Los Lobos created a sound that blended all of the styles they loved: "rock-and-roll and R&B, surf music and soul, mariachi and música norteña, punk rock and country," as self-described on their website. "Chicano hippies playing mariachi music," is what NPR's Felix Contreras thought when he first saw Los Lobos in the mid-1970s.

With his bandito-esque mustache, González sang and played mandolin. After leaving Los Lobos, he mastered the Mexican harp, an instrument he'd loved listening to when he was a little boy. When his album The Gift was released in 2009, González told the Jazz Video Guy he never dreamed he would actually play the harp: "I also wanted to fly like Superman. I knew I couldn't do that either. It was that far away from my reality. But I loved that stuff. I really loved it."
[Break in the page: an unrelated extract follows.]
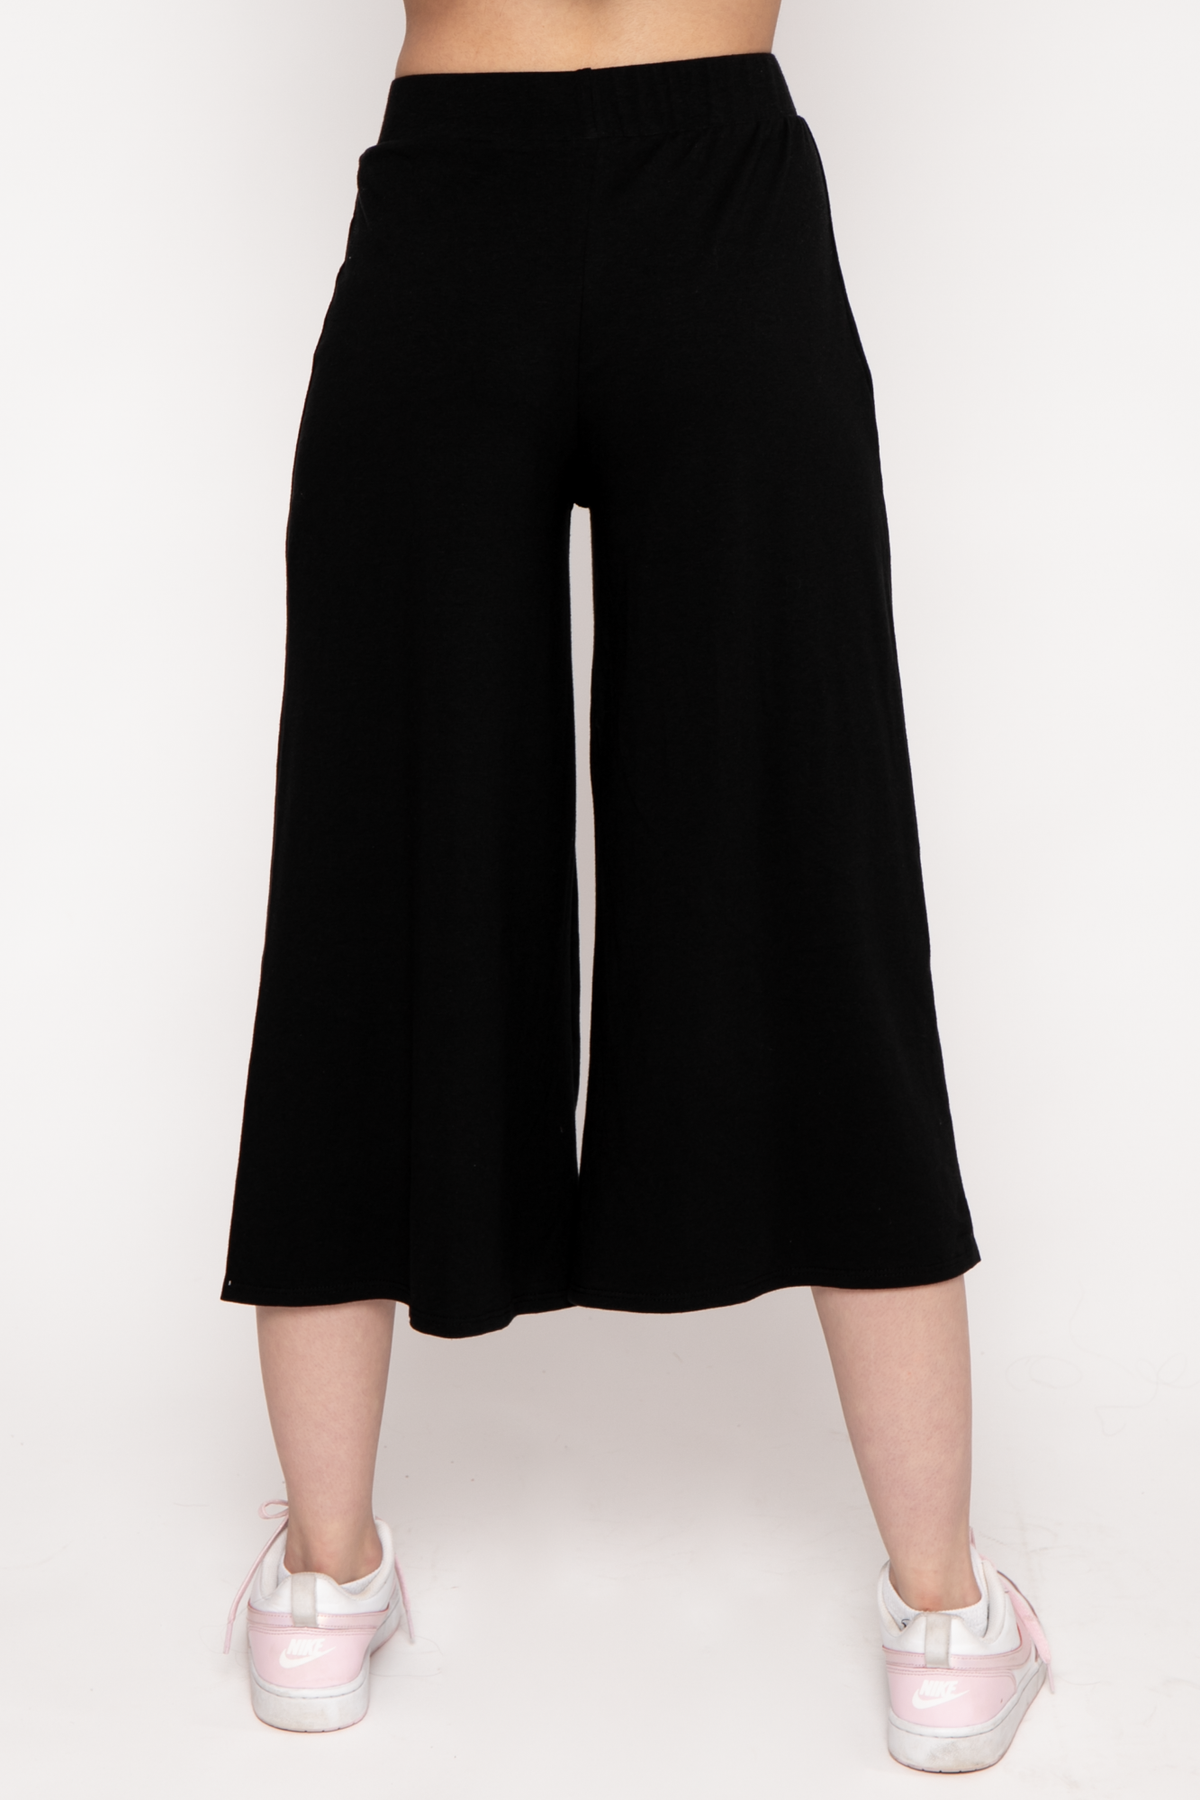 Flash From The Past  - Bobby Jack Gaucho Pants  - Black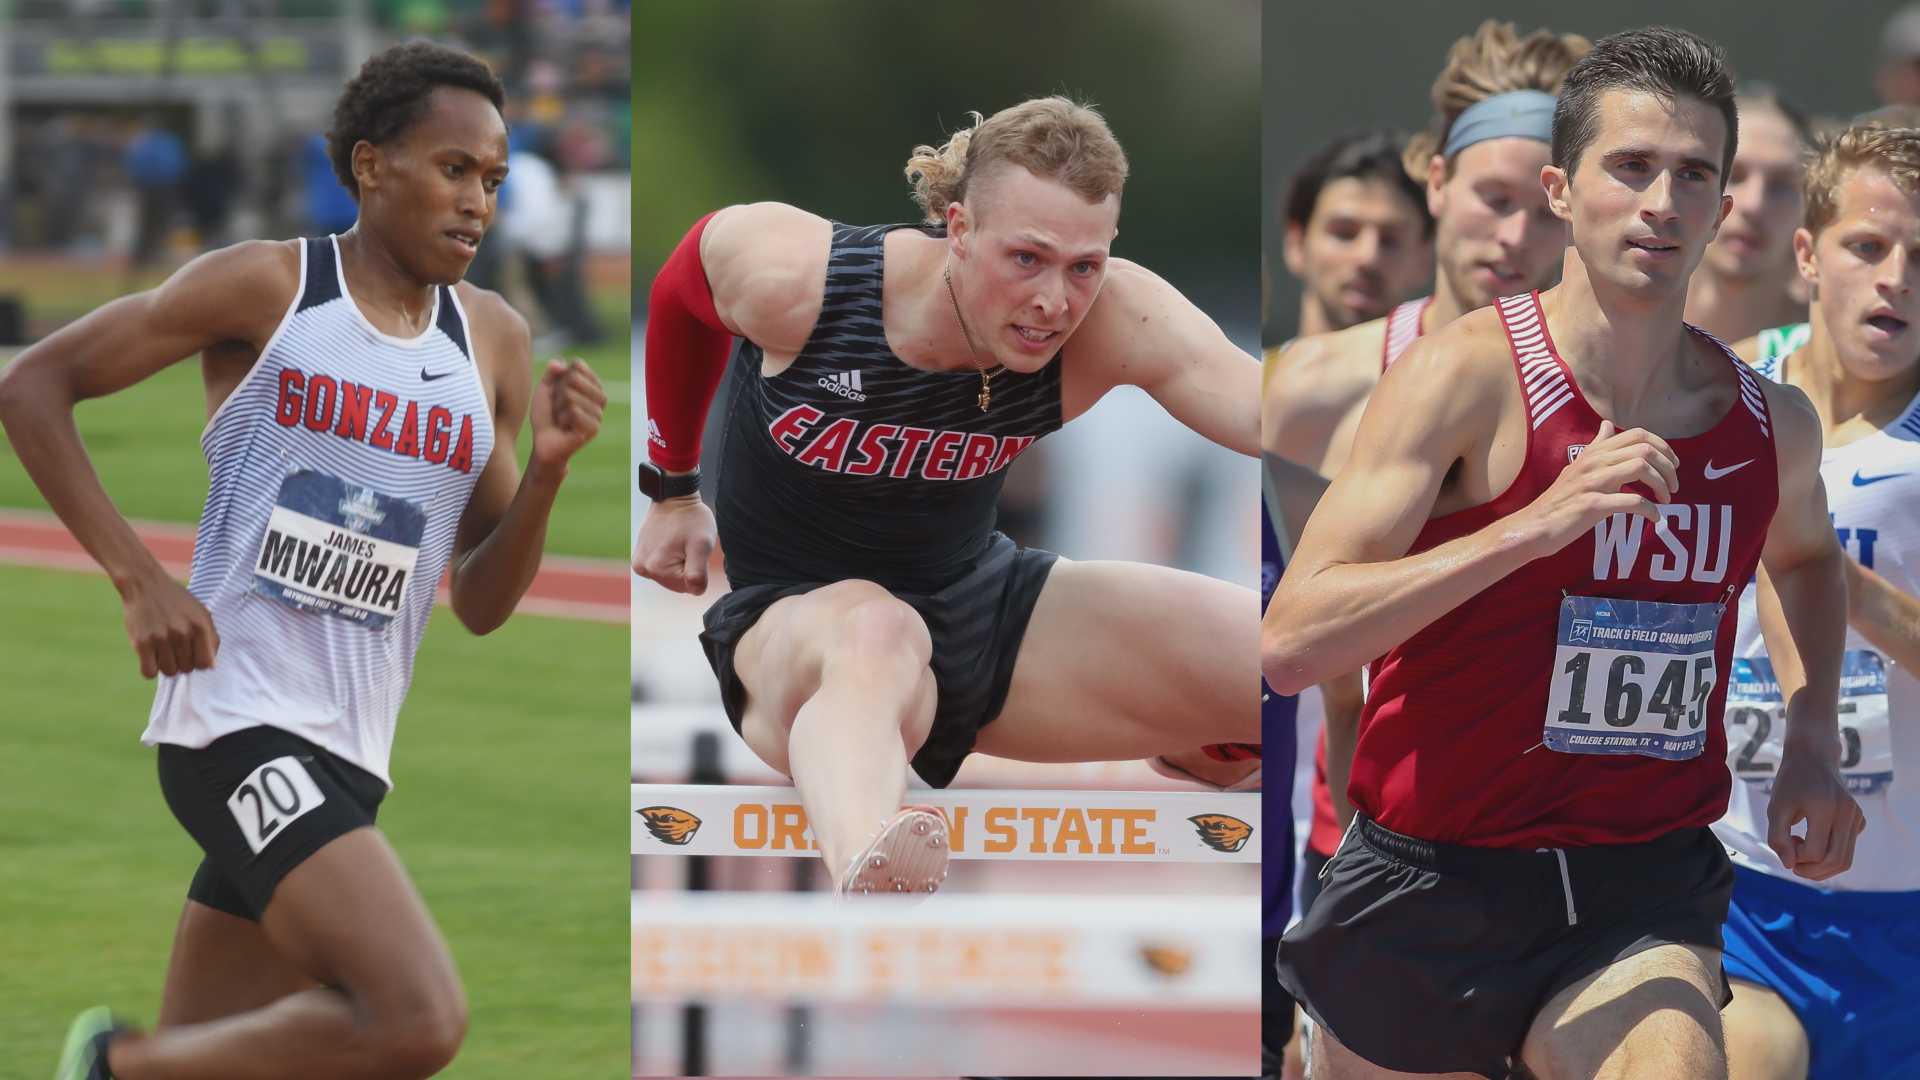 Gonzaga's James Mwaura, Washington State's Paul Ryan and Eastern Washington's Parker Bowden will compete in Eugene between June 18-27.

The youngest of seven children, González was raised in a musical family. "My father had been a professional singer, a trained singer," González told Chris Morris for his book Los Lobos: Dream in Blue, "I have posters of him doing some zarzuela [Spanish opera] at theaters in downtown L.A. during the '40s."

González became music director of Teatro Campesino, taught Chicano theater, and helped establish Guadalupe Custom Strings to sell high quality strings for Latin folk instruments. The shop posted on its Instagram, "Rest in peace, Maestro Francisco. East L.A. loves you."

Copyright 2022 NPR. To see more, visit https://www.npr.org.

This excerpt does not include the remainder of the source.